In our research, we did not avoid certain limitations. these include, above all, the cross-sectional nature of the study, which limits tracking of the pace and dynamics of ageing processes. Secondly, the research included individuals from southwestern Poland only, who might live in economically and socially better conditions than citizens from other regions, therefore the research cannot be treated as defining the entire Polish elderly population. Another limitation is that it was not a random sample, but a targeted selection prone to selection bias. the participation in the study was based on self-enrolment, so individuals who were more socially active constituted the study group. this is why the results of the study cannot be extrapolated to the entire population of this age.

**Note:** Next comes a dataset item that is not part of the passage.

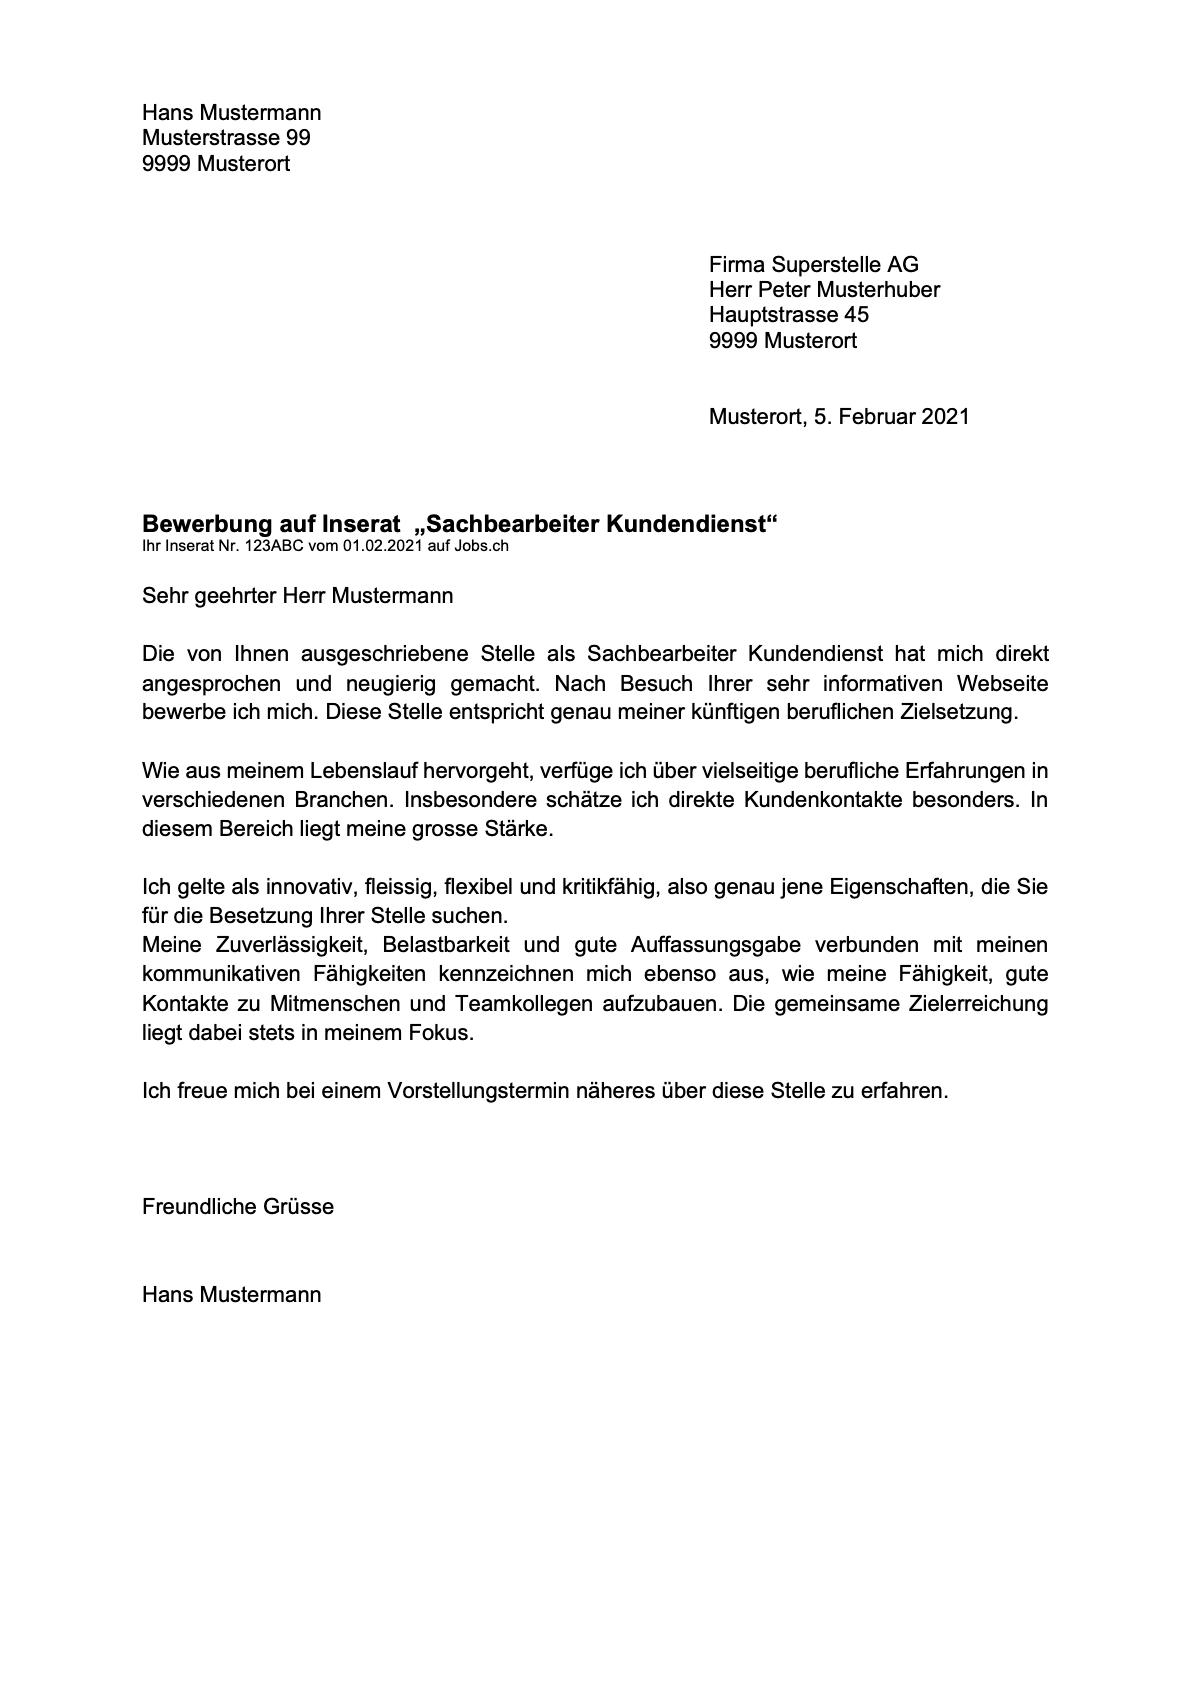 Bewerbungsschreiben Vorlage
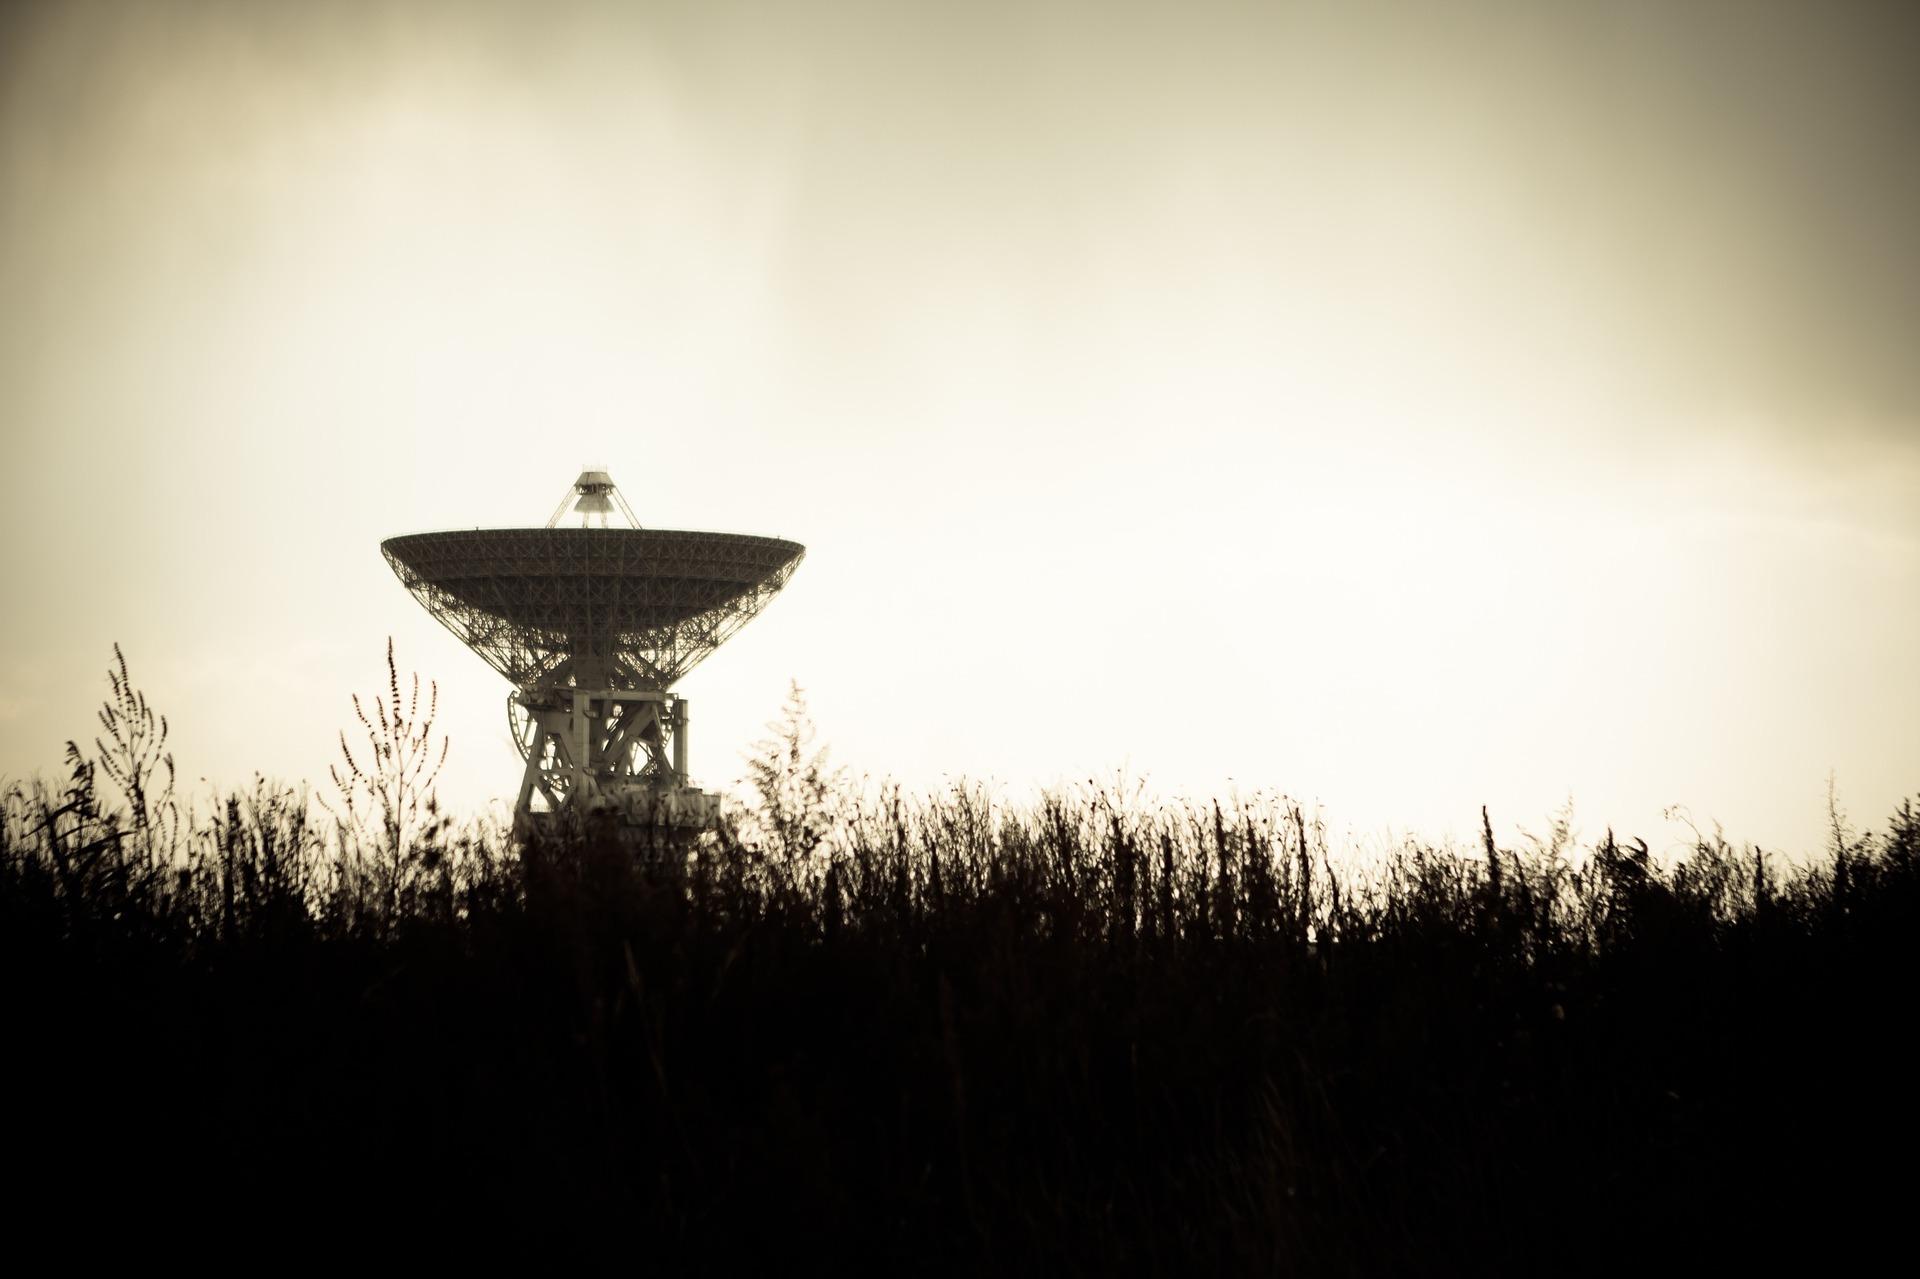 radiotelescopio, astronomía, antena, observatorio, investigación, comunicación, astrofísica, antena parabólica - Fondos de Pantalla HD - professor-falken.com

The seniors who were tested were independent in making decisions about joining the tests and independent in travelling to the tests. Of course, this is a specific group that should be differentiated from seniors, e.g., in social welfare homes, rehabilitation centres or family homes, with limited physical or mental independence. therefore, the studies probably did not identify people with full frailty syndrome. Of course, in groups of seniors with greater physical fitness limitations, the results may be different. Such studies are planned and successively conducted by the authors, but they require longer time scales due to greater difficulties in reaching such centres.

Conclusions

The fine movements of the hand show a significant correlation with the mass and strength of the muscles of the upper limb and the risk of frailty syndrome. Age and sex were significant risk factors as the females were twice as likely to be at risk of frailty compared to the males, and the risk increased with age in both sexes. In the subjects at risk of frailty syndrome, we observed significantly lower parameters not only of fine movements of the hand but also of other measurements. At the same time, the high percentage of people at risk of frailty syndrome and significantly reduced fine movements of the hand should result in the establishment of programs activating this social group and increasing the awareness of factors that determine their own health and thus their quality of life.